Sekizinci Işık: “Osmanlı’ya Osmanlı toplumuna “Osmanlılık” ruhunun zerki gerekmektedir.” Bu madde aslında çok önemli bir maddedir. Bir çok ırka mensup insanın yaşadığı bu topraklarda Osmanlılık bilincinin egemen olması, ilk dönemlerdeki beylikler dönemine geri dönülmesinin önüne geçilmesi için en etkili yol gibi gözüküyordu. Zira bugün bile bir takım açılımların ortaya çıkma zorunluluğu tamamen bu Osmanlılık ruhunun yitirilmiş olmasının bir nevi resmidir. Soy sop faslına girilen bir coğrafyada olup biteceklerin farkındadır Bediüzzaman.
Dokuzuncu ışık: ”Milli Birliğin Sağlanması, ihtilaftaki Kürtlerin maddi ve manevi desteklerinden yararlanmayı sağlamak.” Sanırım dudak uçuklatan en önemli maddeye gelmiş bulunuyoruz. Evet daha o zamanlar doğudaki sorunları doğru okuyup analız eden Bediüzzaman, bu bölgeye ciddi olarak ilgilenilmesi gereğine işaret edip, eğitim başta olmak üzere iktisadi ve toplumsal hususlarda reçeteler sunuyordu. Zira Hamidiye Alaylarının oluşturulması da büyük Abdülhamit’in doğudaki sorunları azaltmak ve Kürtlerden yararlanmak, onlara Osmanlılık ruhunu kazandırmak amacını taşımıyor muydu?

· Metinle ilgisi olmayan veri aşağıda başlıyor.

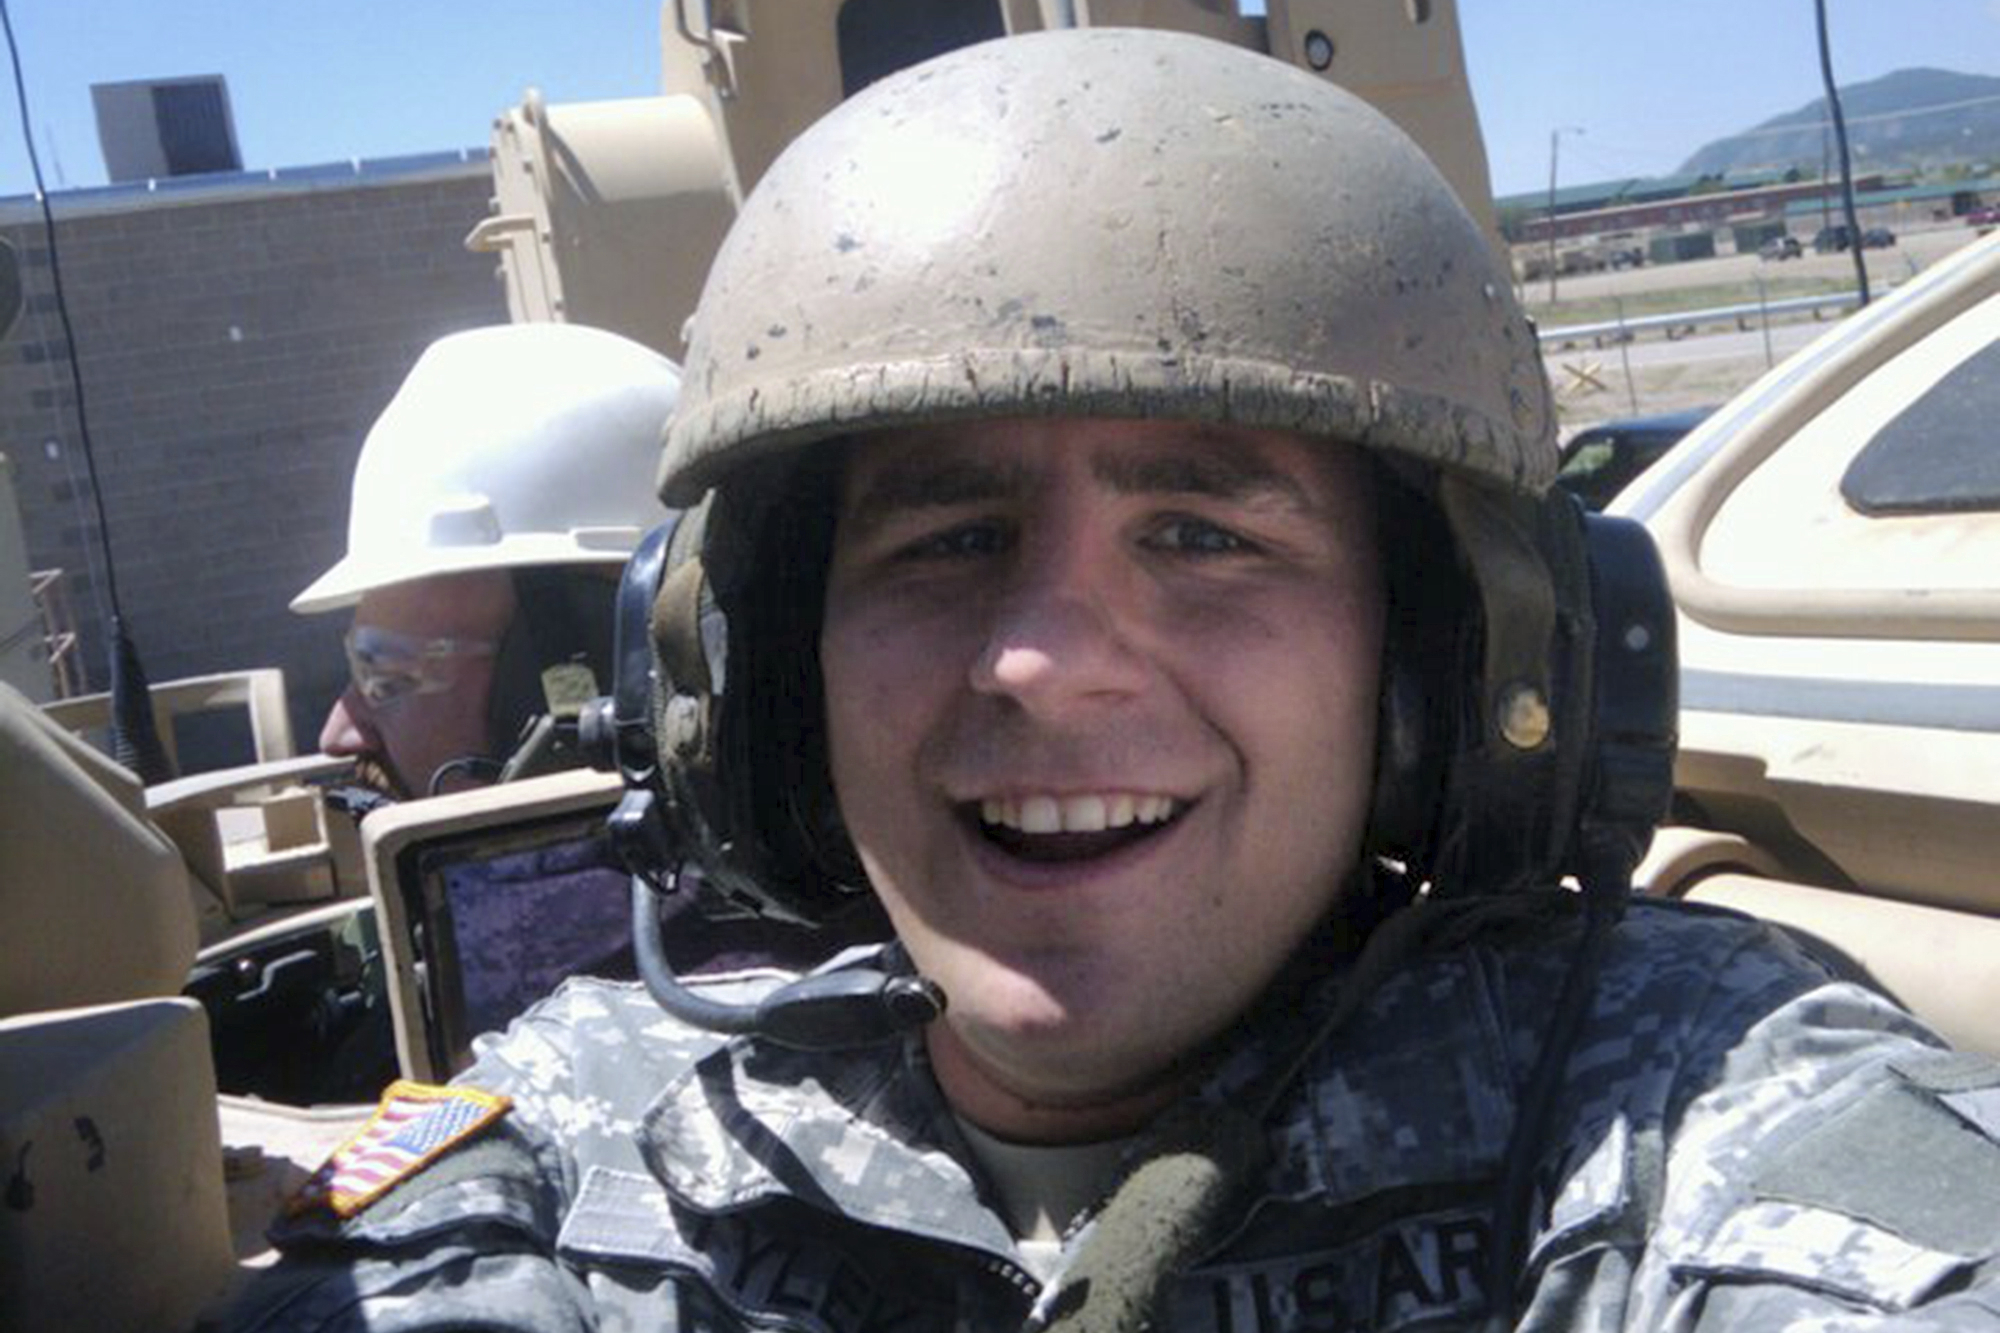 This photo provided by Casey Tylek shows him serving in the U.S. Army in Fort Carson Colo., in 2010. (Casey Tylek via AP)

Ona göre Müslüman’ın tek bir amacı olmalıydı. Birlik ve beraberlik içinde “i’la-yı Kelimetûllah’ı bütün cihana hakim kılmak”. Müslüman’ın en büyük düşmanı ise cehalet, zaruret ve ihtilaf olmaydı, Müslüman değil!
Bediüzzaman’ın dokuz ışığını anlamak, anlatmak ve uygulamak umuduyla.